Supplied information: Begin

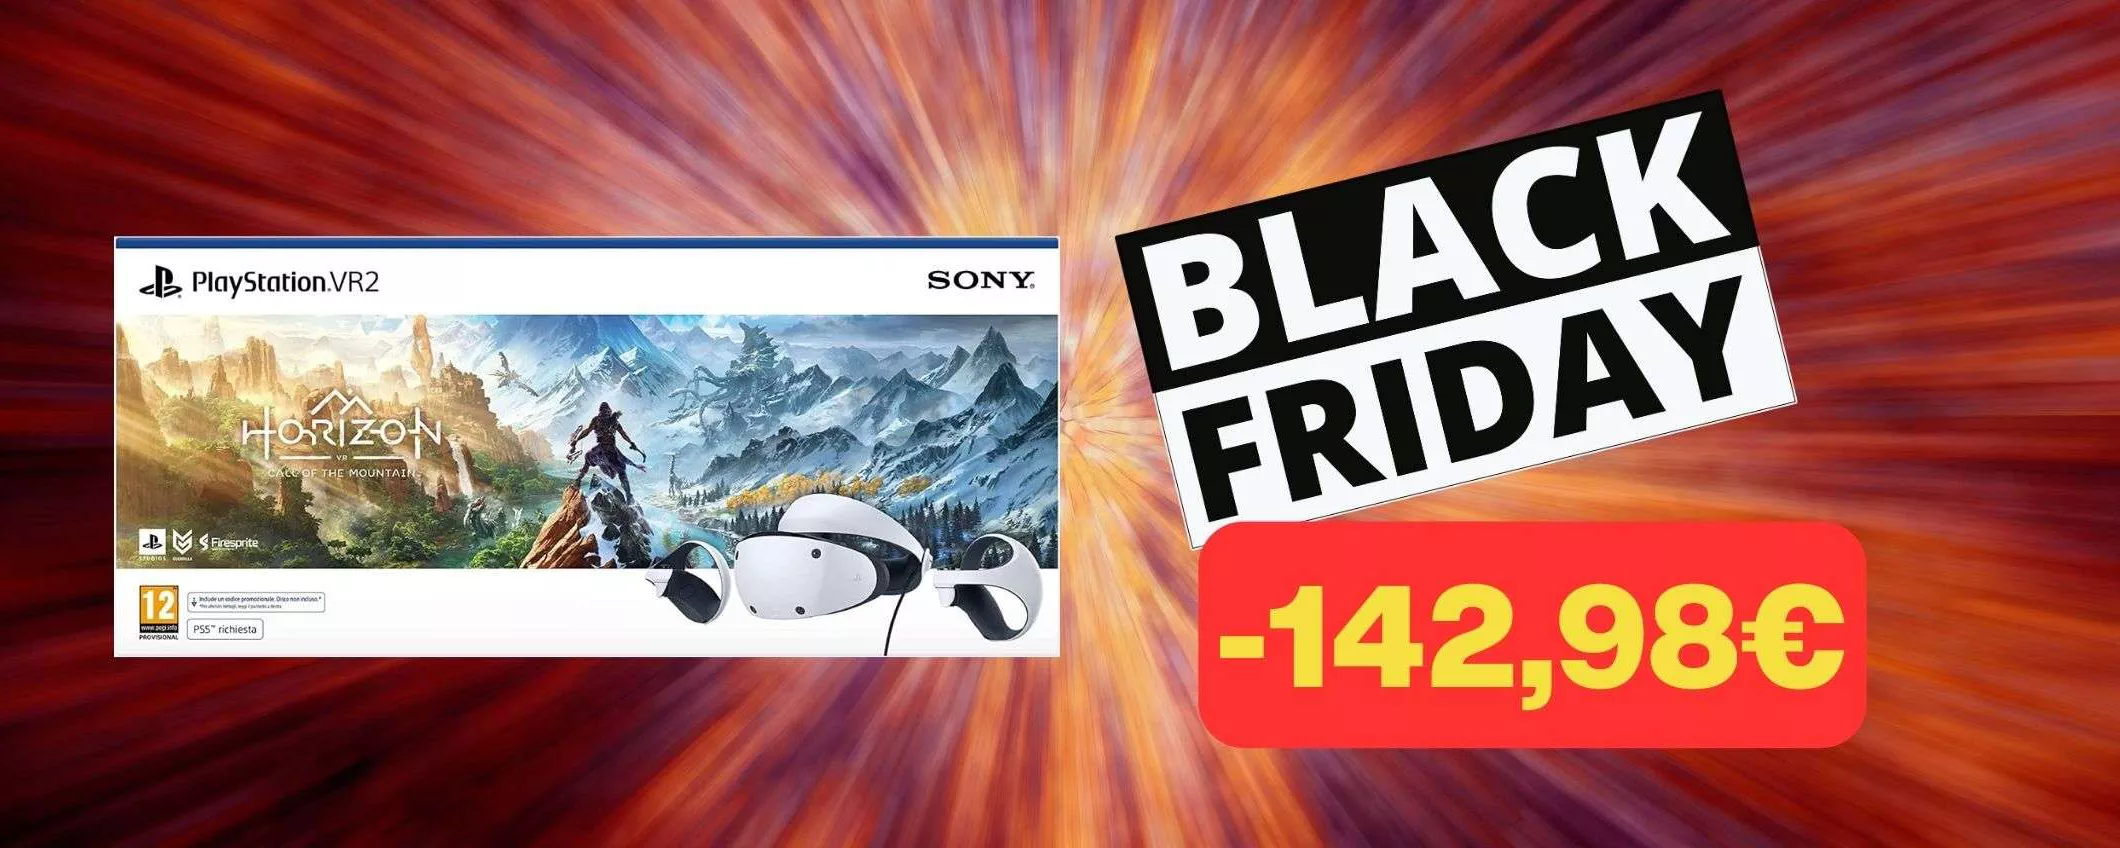 PS VR 2 con Horizon CROLLA di prezzo (-142,98€): BOMBA BLACK FRIDAY
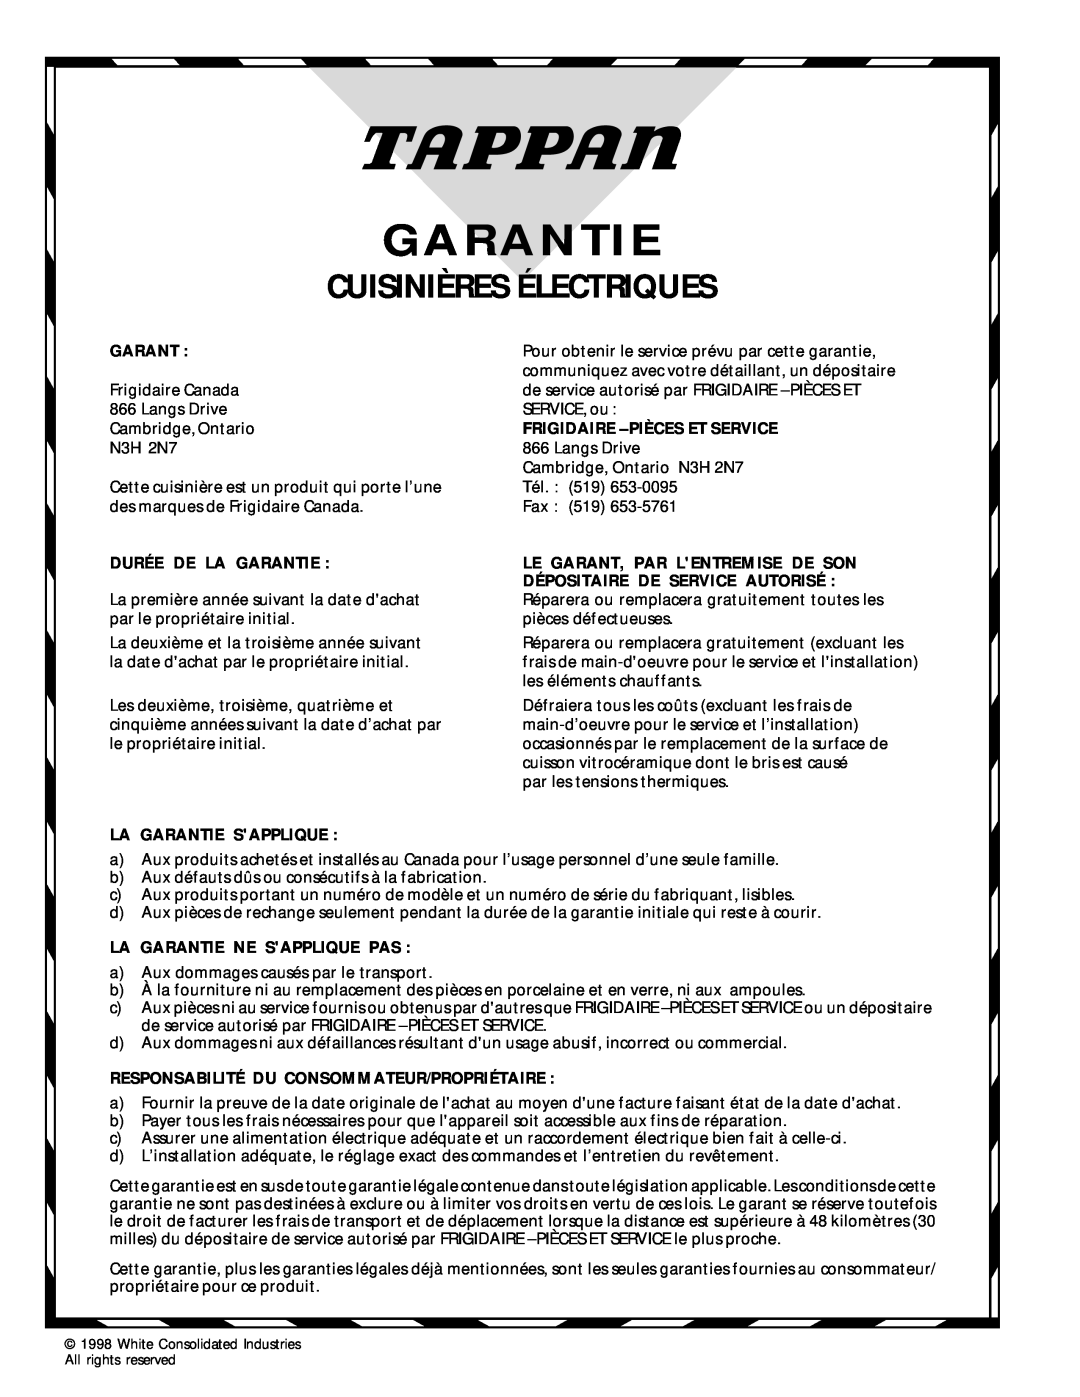 Tappan 318200409 Cuisinières Électriques, Durée De La Garantie, La Garantie Sapplique, Frigidaire - Pièces Et Service 
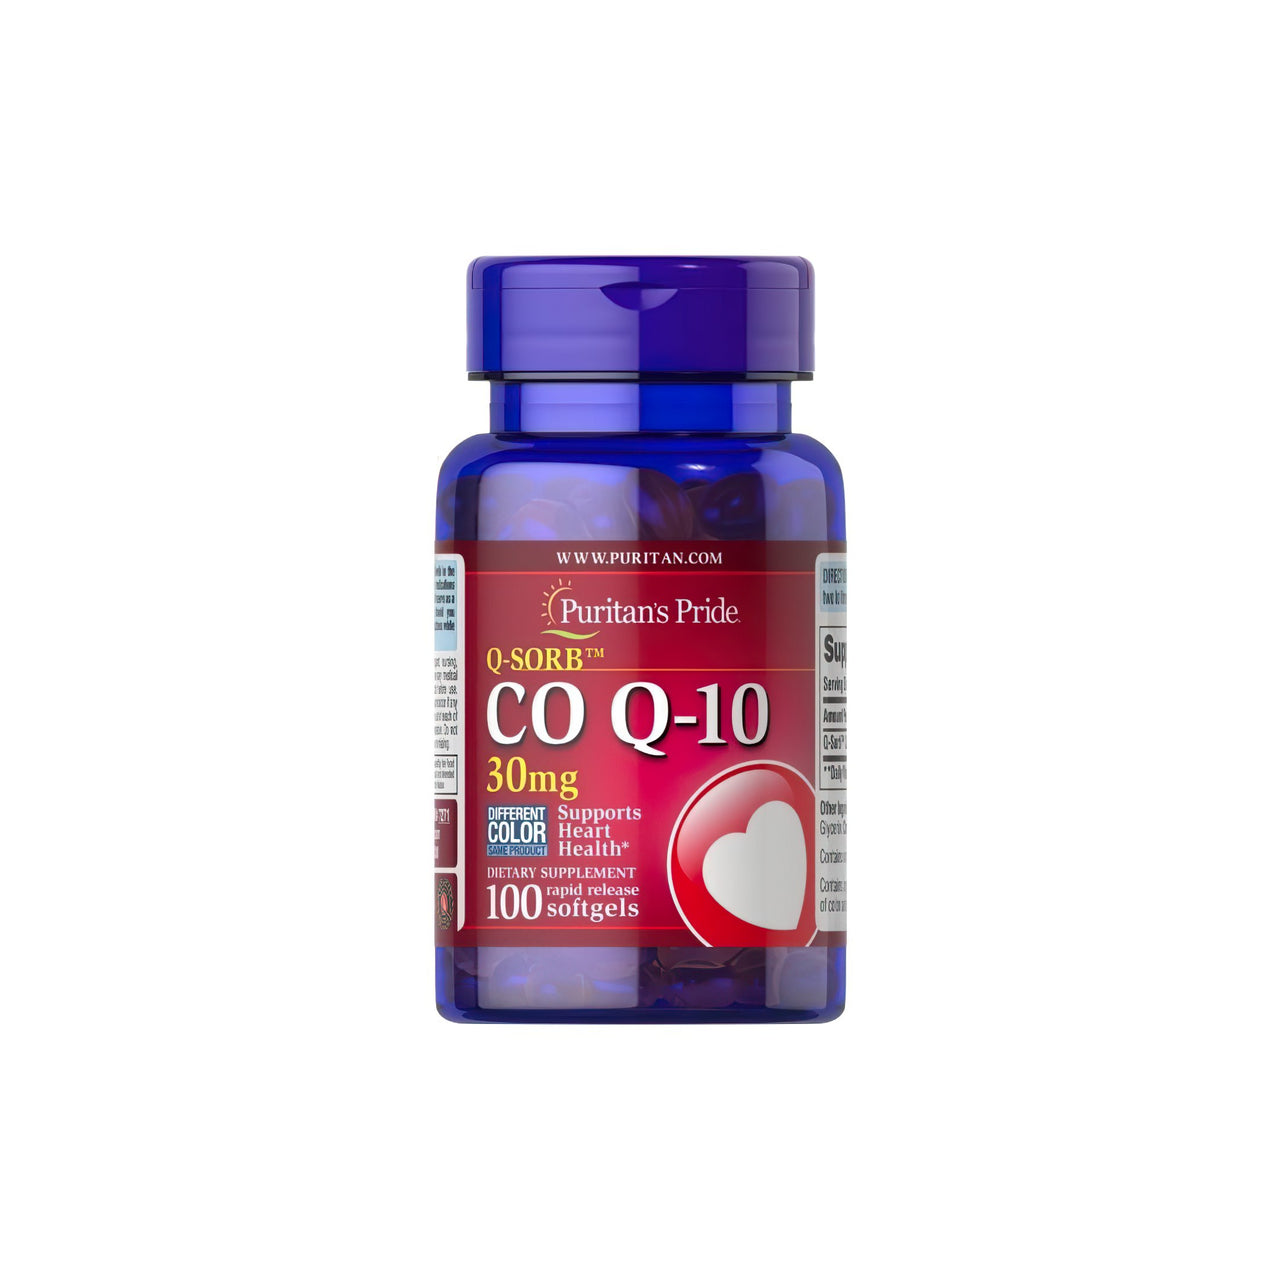 Un flacone di Puritan's Pride Q-SORB™ Co Q-10 30 mg 100 softgel a rilascio rapido con un cuore, noto per aumentare la resistenza e i livelli di energia.

Supplied information: End

» What you need to do
Transcribe the listing above in full. Pictures are not part of the copy.

» Result for this task
 PS VR 2 con Horizon CROLLA di prezzo (-142,98€): BOMBA BLACK FRIDAY
 Tappan 318200409 Cuisinières Électriques, Durée De La Garantie, La Garantie Sapplique, Frigidaire - Pièces Et Service 
 Un flacone di Puritan's Pride Q-SORB™ Co Q-10 30 mg 100 softgel a rilascio rapido con un cuore, noto per aumentare la resistenza e i livelli di energia.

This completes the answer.